Run ML models locally on devices or in the browser


Machine Learning or ML for short is a hot topic nowadays. You can see all big companies releasing huge models that allow us to do neverseen before things, generate an image from text, get an answer to your question.

When you look at the examples you can find a lot of material on how to run a model on the server side or on a special hardware. All these models work like a client-server architecture. You submit a data to your server, server analyzes your data and returns the result. With client-server architecture server has full knowledge of everything you send there.

OpenAI generated ML logo
OpenAI generated ML logo

There is a new upcoming wave of local-first software and end-to-end encrypted (E2EE) applications. They too could benefit from using ML. How do we protect users' data?

The answer to this problem is simple: Just run the model locally.

The answer is simple but the solution is not. How would you run your model on every device? As it turns out there are several solutions. Let's start with the most obvious.

Google MLkit

One solution that is highly popular on mobile devices is Google MLkit. It provides a good set of models and runs on Android and iOS.

What if you want to have a desktop application? For desktops you can link tensorflow but then you will need to find a different model. What if you have a browser app? Then there is privacy concert with Google's library. It is closed source.

ML Kit does not send that data to Google servers.

While it doesn't collect your data it collects how you use the library.

The ML Kit APIs may contact Google servers from time to time in order to receive things like bug fixes, updated models and hardware accelerator compatibility information. The ML Kit APIs also send metrics about the performance and utilization of the APIs in your app to Google. Google uses this metrics data to measure performance, debug, maintain and improve the APIs, and detect misuse or abuse, as further described in our Privacy Policy.
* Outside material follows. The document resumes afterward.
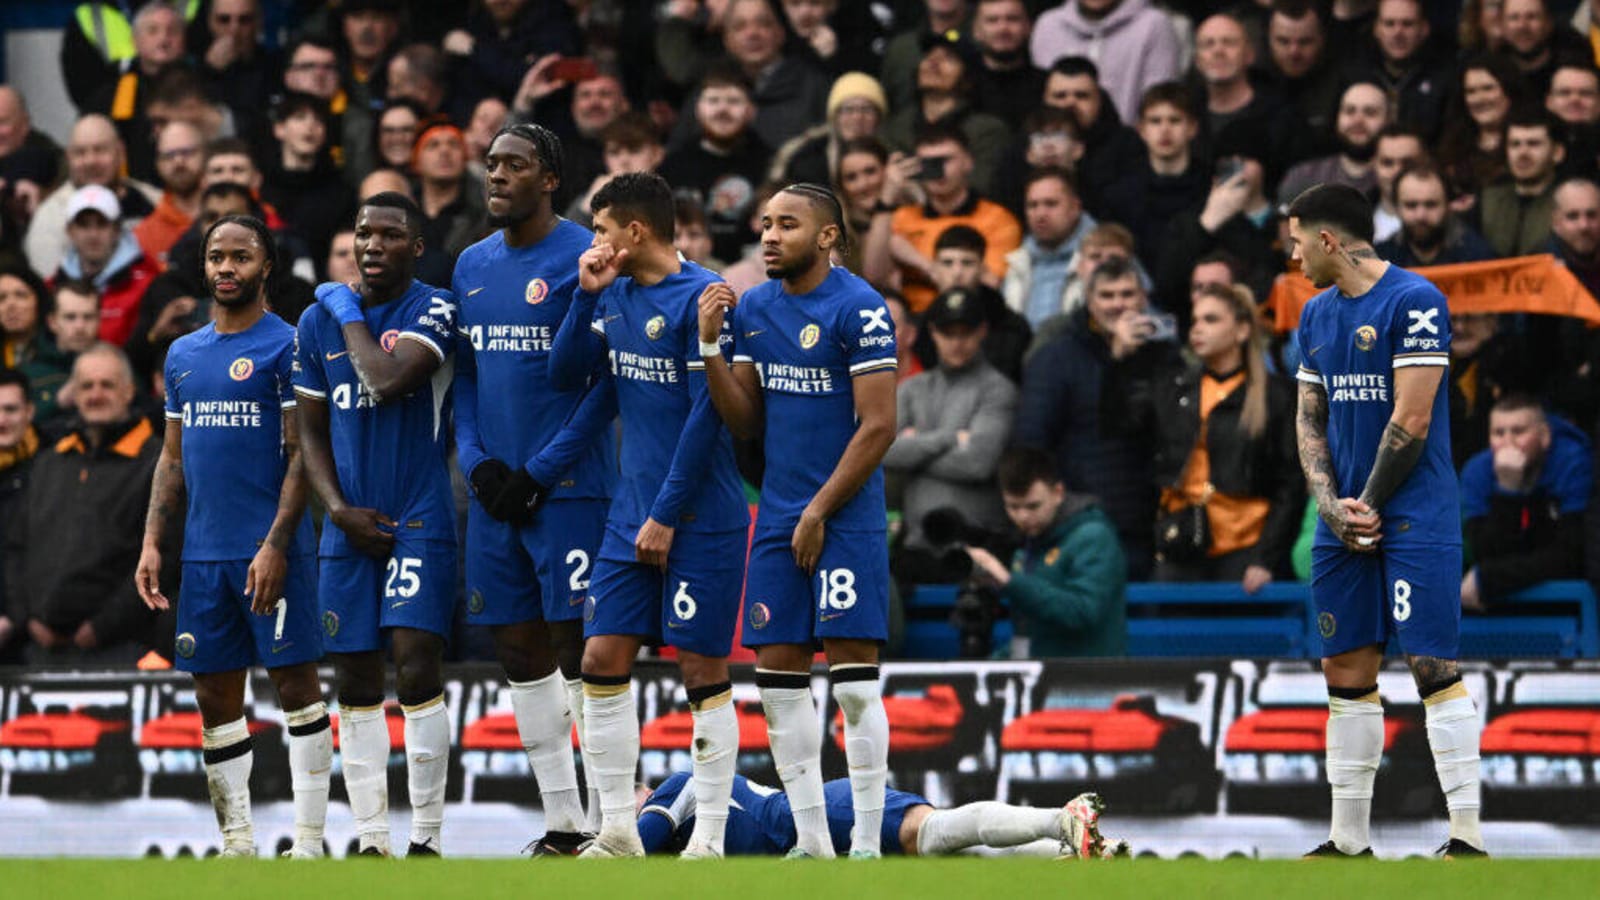 Tactical Change: Chelsea Predicted Lineup vs Aston VIlla for February 7

You are responsible for informing users of your app about Google’s processing of ML Kit metrics data as required by applicable law.

Do we have any other options?

ONNX Runtime

As it turns out we have: ONNX Runtime. You can run ONNX runtime everywhere: Windows, Linux, Mac, Android, iOS and Browser. This truly means that you can build cross-platform applications with it and run models locally.

Mobile Net Piano result
MobileNet example identifying a piano

You can play around with interactive examples on this page.

As for the models ONNX also provides a catalog of pre-built models, called ONNX Model Zoo. The catalog is rather limited though. For a decent entry-level tutorial you can follow: https://onnxruntime.ai/docs/tutorials/web/classify-images-nextjs-github-template.html

A catch

There is a trade-off between model results and a model size. For example MobileNet model identifies only 1000 labels. This means you might not always get good results.

Mobile Net piano results
MobileNet test results

Take a look at one image that I took. Every label is a miss...

This only highlights the performance of a MobileNet model. ONNX Runtime can execute other models that could provide better results. It is up to you to pick the model that suits your needs.


One great thing about ONNX is: it is a standard. It means you can implement your own runner if you need to. One alternative runner is tract. It is a Rust crate that you can just import. No need to deal with C++ and linking if you don't want to or if you are building an app using Rust.

You can continue using your existing ONNX models with tract.